Make today count: #5 I will boost my super

Even though your financial strategy should be for the long term, there are things you can do each day to help you achieve your goals sooner. Here’s #5:

Your super has the potential to become one of your most valuable assets. The more you put into it now, the more you’ll get out of it when it’s time to retire – especially when you consider how your earnings compound over time. Here’s what you can do right now to help grow your nest egg.

First, make sure you only have one super account, (unless there’s a specific reason why you need multiple accounts). If you’ve changed employers over the years you might have ended up with multiple accounts in different super funds – which are all charging you fees. So choose your preferred fund and then ask them to track down all your lost super and roll it over into a single account.

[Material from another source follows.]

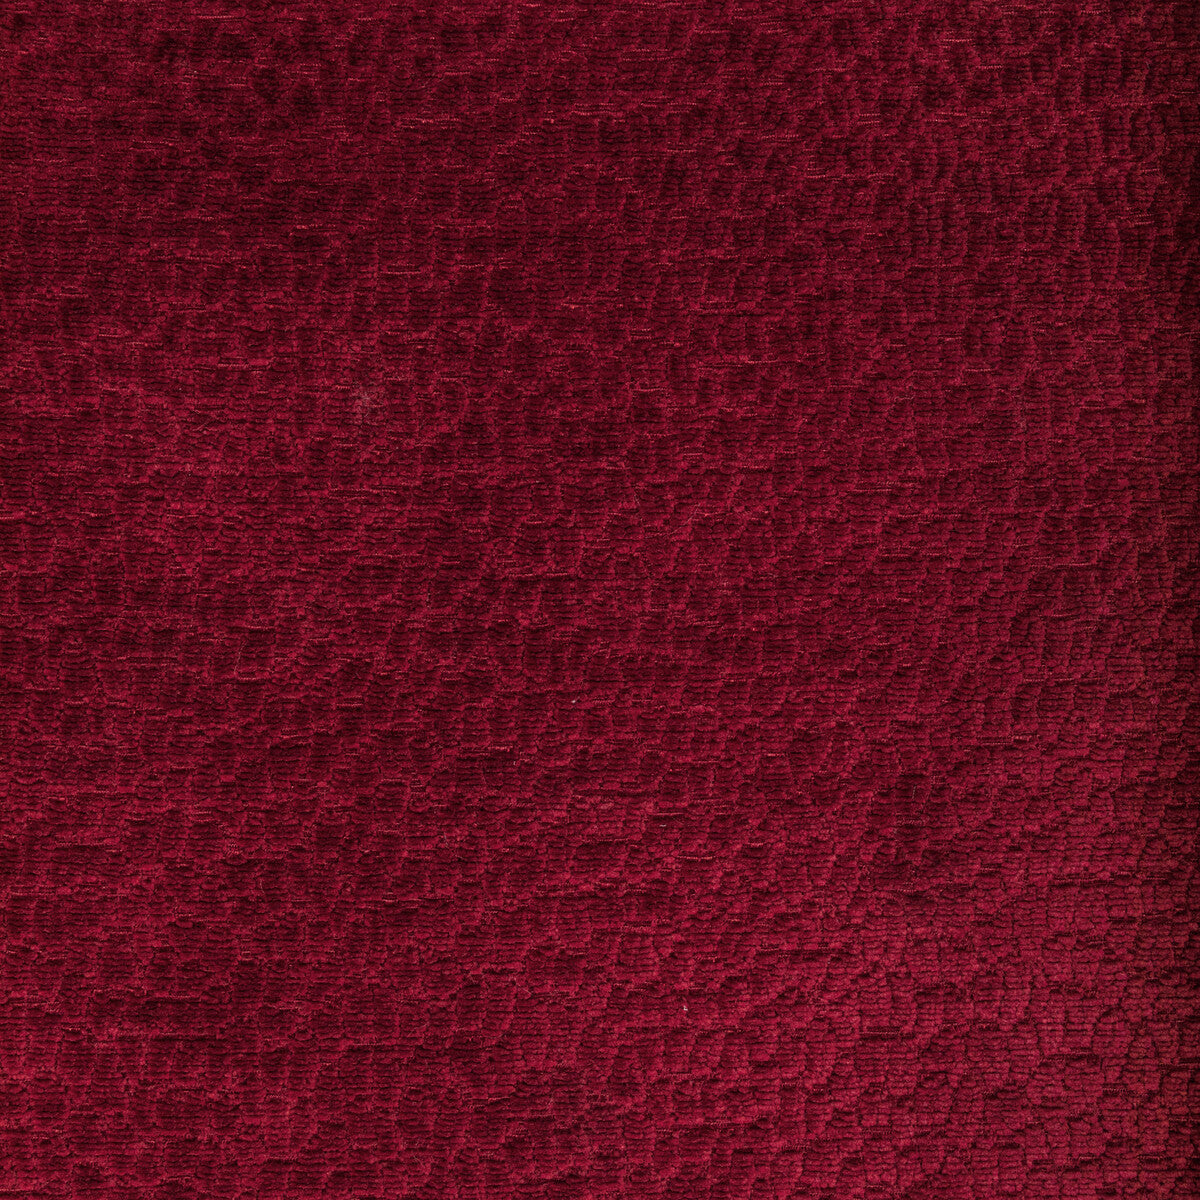 Kravet Smart fabric in 36606-19 color - pattern 36606.19.0 - by Kravet Smart in the Performance Kravetarmor collection

Next, provided it’s right for your circumstances, you could talk to your employer about setting up a salary sacrificing arrangement so you can put some of your pre-tax dollars straight into super. Using ASIC’s Superannuation Calculator at www.moneysmart.gov.au you can see how even a small contribution on a regular basis can make a big difference at retirement. For example, if you’re aged 35 and earn $70,000 a year, salary sacrificing just $50 a week could add up to an extra $73,000 or more by the time you retire2.

How your financial adviser can help

No matter what financial position you’re in, there are plenty of things you can do today to start building the future you want. But the most important one is to talk to your financial adviser. With their experience and expertise, your adviser is in the best position to guide you at each stage of your financial journey. As well as helping you create a long-time financial strategy, your financial adviser will show how you can break it up into small, achievable milestones. Not only will this be easier to track your progress, it will also give you a clearer idea of what you can do to make each day count. Make today count.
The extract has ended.